Immortalized cystinosis patient-derived podocytes, healthy podocytes and CTNS-/- knockdown podocytes were used and the results were validated in our newly in-house developed fluorescent ctns-/- zebrafish larvae model (l-fabp:DBP-eGFP;CTNS). To understand the impaired podocyte functionality, static and dynamic permeability assay, tracer metabolomics analysis (LC-MS), flow cytometry, RT-qPCR, western blot, chemical and dynamic roGFP2 redox-sensing fluorescent probes were used.

Results

Cystinosis podocytes present decreased adhesion, increased permeability and enhanced ferroptosis cell death caused by an accumulation of mitochondrial ROS-driven lipid membrane peroxides.

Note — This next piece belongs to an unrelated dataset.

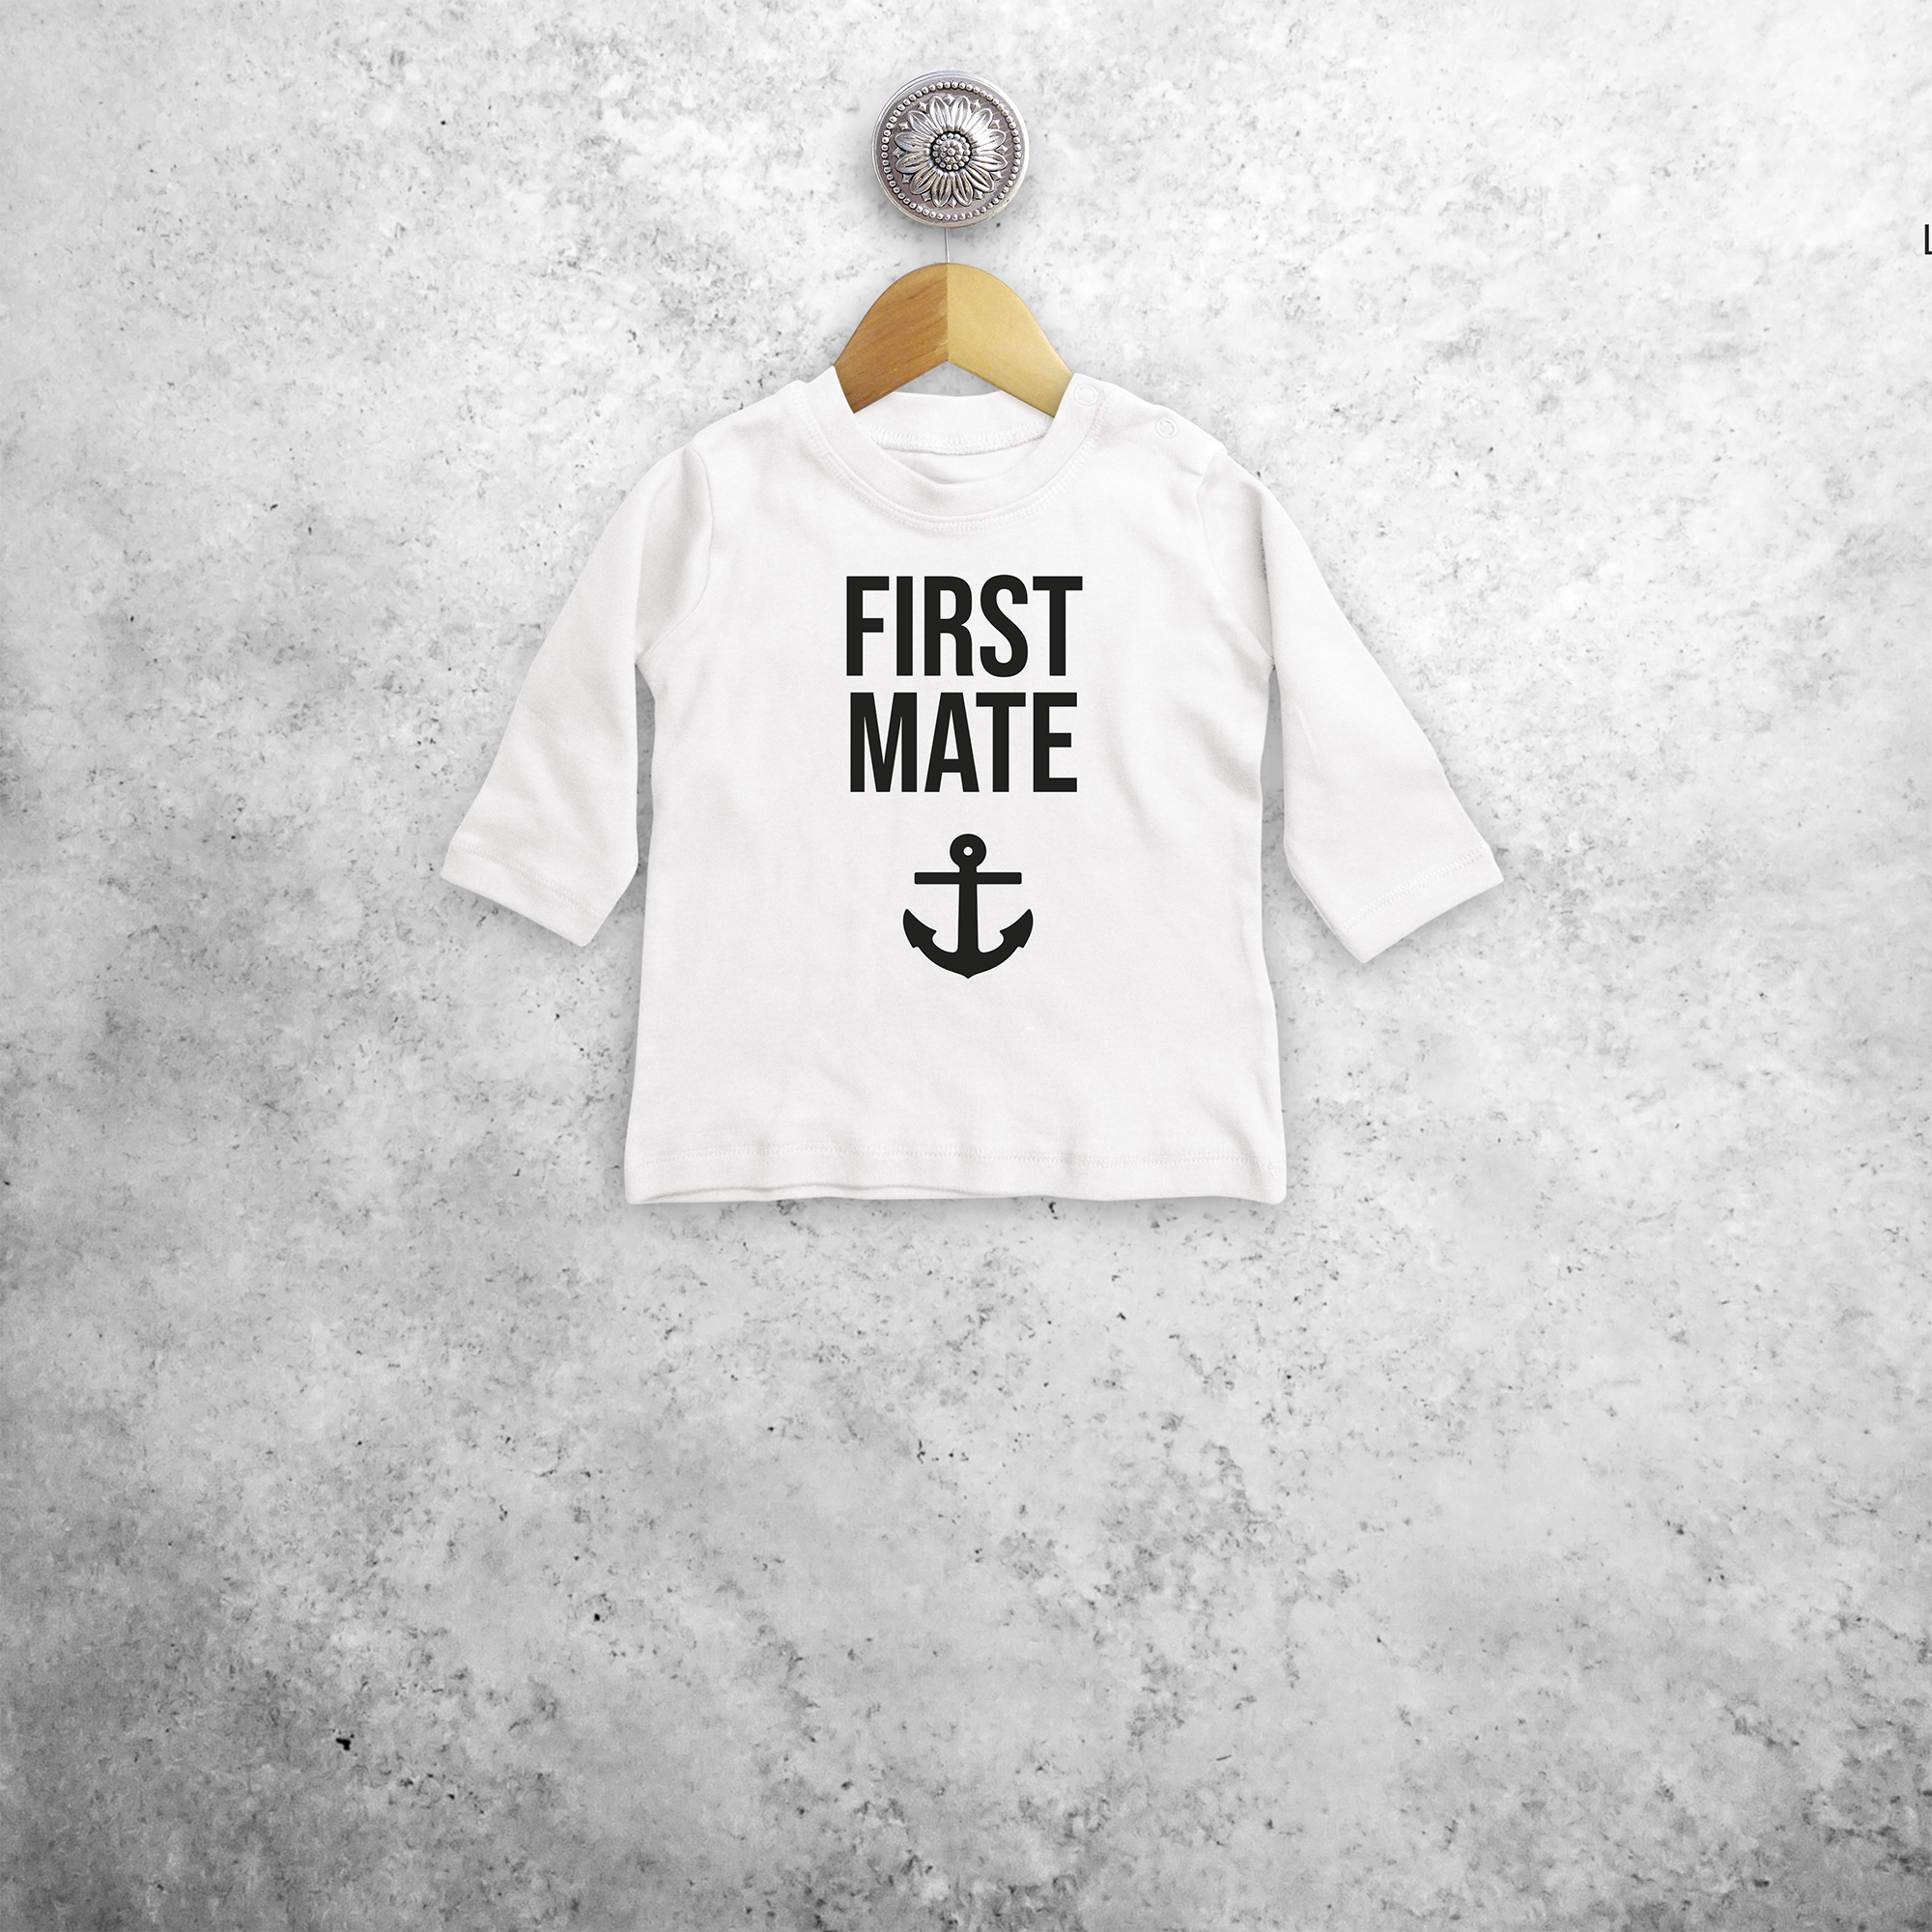 'First mate' baby longsleeve shirt

Moreover, these cells show fragmented mitochondrial network with impaired energy and TCA cycle metabolism and decreased expression of superoxide scavenging enzyme SOD2. Targeting mitochondrial ROS with MitoTEMPO in combination with cysteamine or lipid peroxidation with Liproxstatin-1 improved podocytes dysfunction in vitro and rescued proteinuria in cystinosis zebrafish larvae.

Conclusion

Mitochondrial dysfunction leading to increased ROS production and subsequent lipid peroxidation drive podocyte detachment and ferroptosis and plays a key role in podocyte injury in cystinosis. Targeting these mechanisms represents a new therapeutic prospective for nephropathic cystinosis.